/*
to simplify things, we don't shift left/right when testing this design.
;S4..S0: control Bits
;
;00000 A = 0 (zero)
;00001 A = A NOR B
;00010 A = A AND /B
;00011 A = /B
;00100 A = /A AND B
;00101 A = /A (also: first step of decrement A)
;00110 A = A XOR B (also: first step of ADC)
;00111 A = A NAND B
;01000 A = A AND B
;01001 A = A XNOR B (also: first step of SBC)
;01010 A = A (do nothing)
;01011 A = A OR /B
;01100 A = B
;01101 A = /A OR B
;01110 A = A OR B
;01111 A = 1 (all Bits set = -1)
;10xx0 A = SHL A (shift A left)
;10xx1 A = SHR A (shift right)
;11x00 A = A + Ci (increment takes only one step with Ci carry input set)

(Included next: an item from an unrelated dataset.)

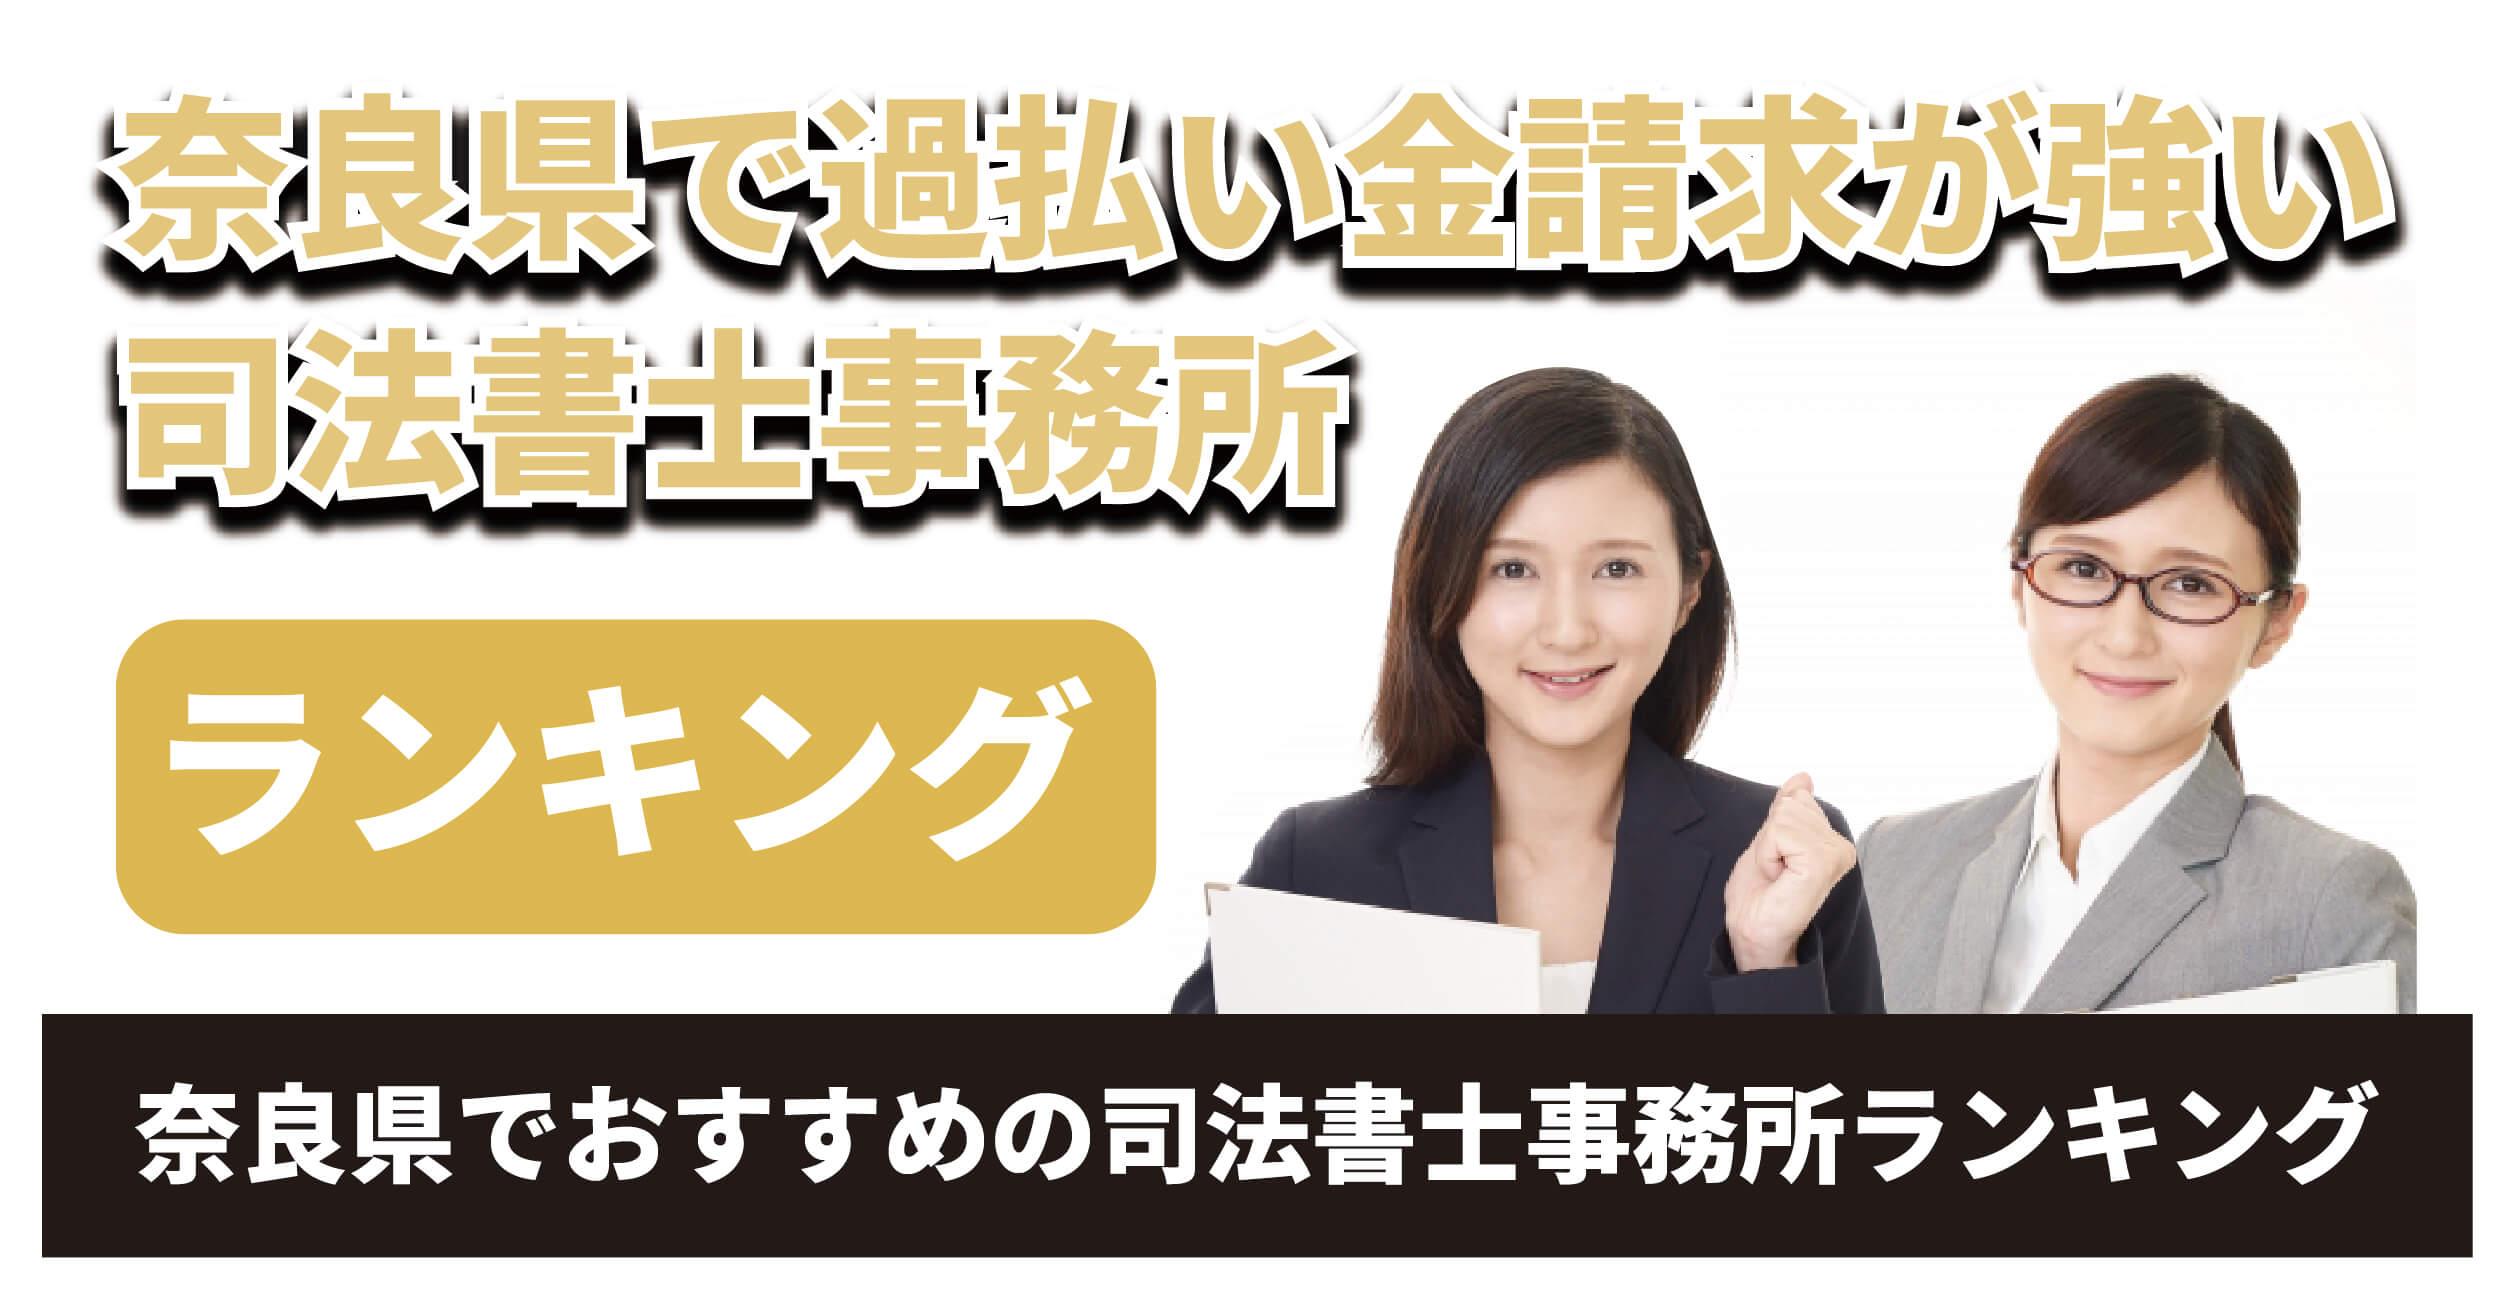 奈良県で過払い金請求が強い司法書士は?

;11x01 second step of SBC (Ci is low_active borrow, like with the 6502)
;11x10 second step of ADC (Ci is high_active carry)
;11x11 second step of decrement A (Ci should beset to 1)
@define shl " S4 * /S3 * /S0"
@define shr " S4 * /S3 * S0"
@define cy " S4 * S3"
*/
int alu(int *cout, int cin, int ia, int ib, int is)
{
int oq, a[8], b[8], c[8], s[8];
int i,j;
int cy;
for(i=0;i<8;i++)
{
a[i]=0; if(ia&1) a[i]=-1; ia>>=1;
b[i]=0; if(ib&1) b[i]=-1; ib>>=1;
s[i]=0; if(is&1) s[i]=-1; is>>=1;
}
cy=s[4]&s[3];
c[0]= cin;
c[1]= cy & c[0] & a[0] | cy & s[0] & ~a[0] & ~b[0] | cy & s[1] & ~a[0] & b[0];
c[2]= cy & c[0] & a[0] & a[1] | cy & s[0] & ~a[0] & a[1] & ~b[0] | cy & s[1] & ~a[0] & a[1] & b[0]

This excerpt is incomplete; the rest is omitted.